Results of quantitative phase
The M-learning willingness scale was designed based on a qualitative study and literature review with 92 statements. Psychometric parameter results are further discussed in the following sections.
As all the statements had an impact score >1.5, with the modification in the eight statements based on qualitative face validity, all the 92 statements entered the content validity stage.

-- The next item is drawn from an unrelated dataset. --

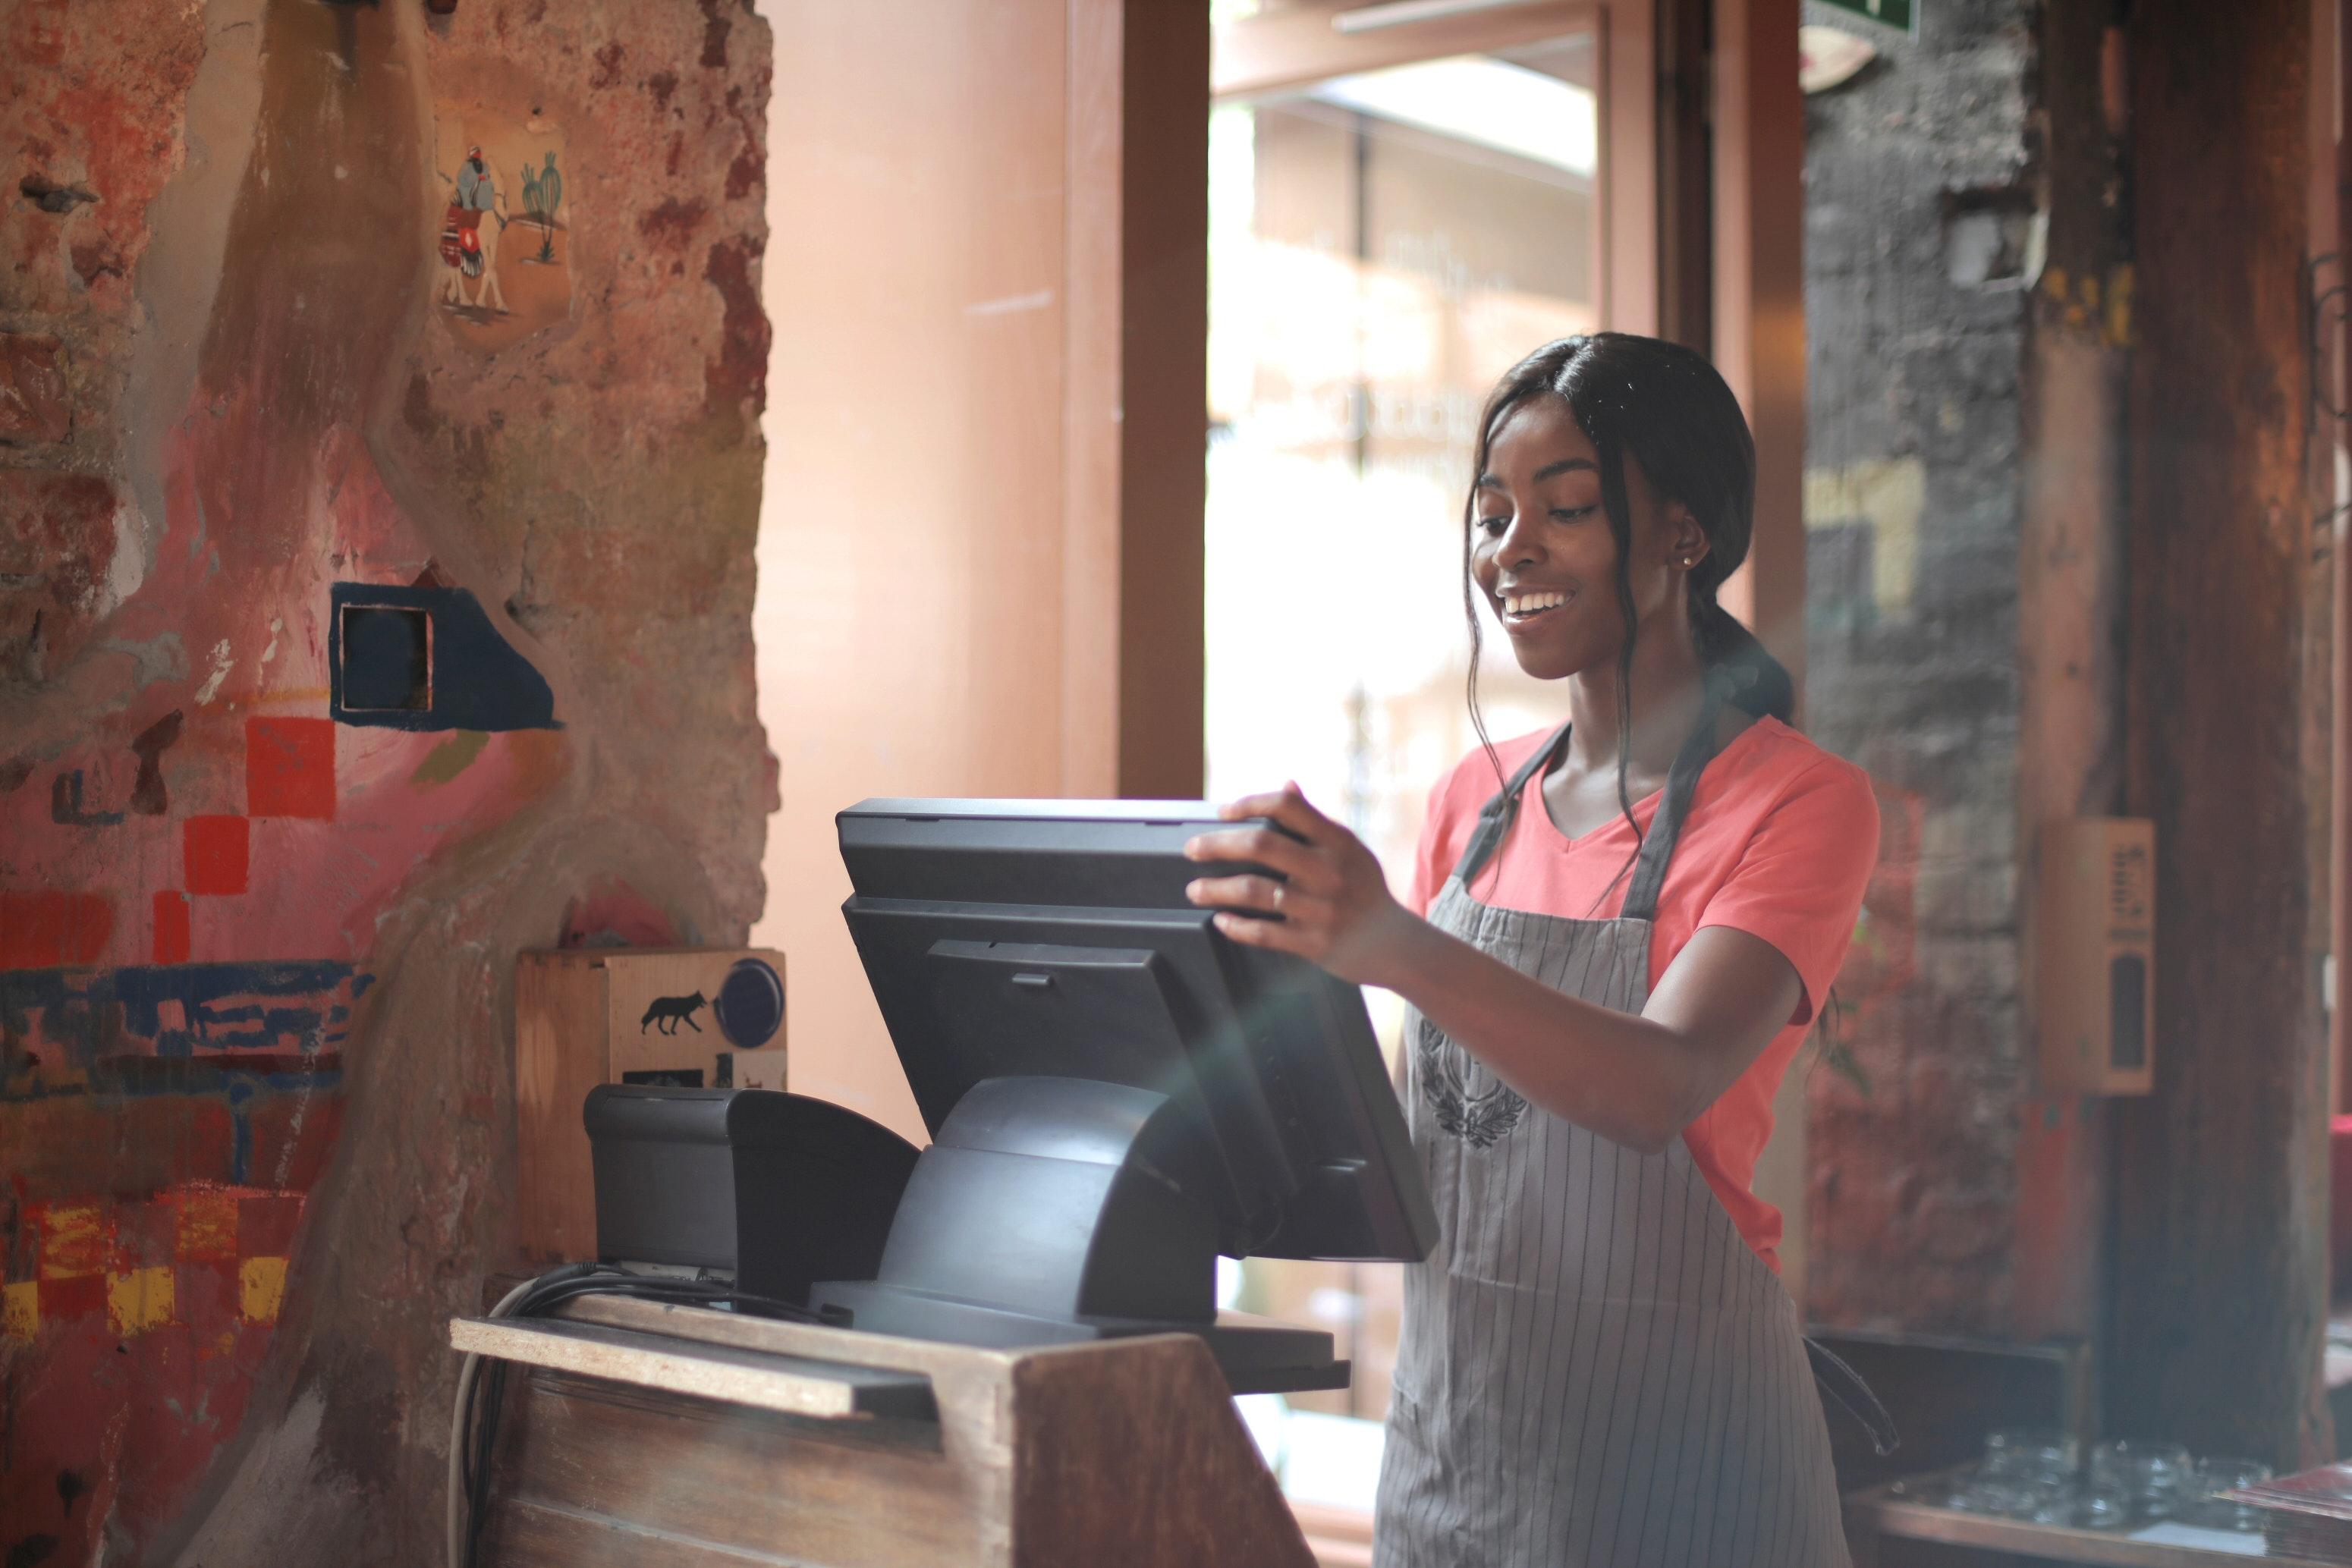 Restaurant server technology systems

Qualitative content validity
Based on the experts' opinions, 25 statements were omitted due to semantic similarity. In addition, some of the statements were edited based on the comments by experts and 67 statements remained in the scale.
Content validity ratio
To compute CVR based on the Lawshe table, the threshold was set at 0.62. Therefore, out of the 67 statements, 11 did not meet the threshold and out of these 11 statements, two remained in the scale due to the importance of the topic and consensus of opinions among the research team members. Thus, with nine statements omitted, CVI was obtained for the scale with 58 statements.
Content validity index
To determine CVI of the scale, a threshold point of 0.8 was adopted. Therefore, 55 statements met the threshold and three statements were omitted. In addition, the mean CVI of the statements was 0.97, which is very high.
The participants in this stage were 482 undergraduate students. Kaiser–Meyer–Olkin (KMO) test was used to examine the adequacy of sampling for explorative factor analysis (KMO = 0.921) [Table 1]. Factor analysis is recommended when KMO = 0.80 or 0.90.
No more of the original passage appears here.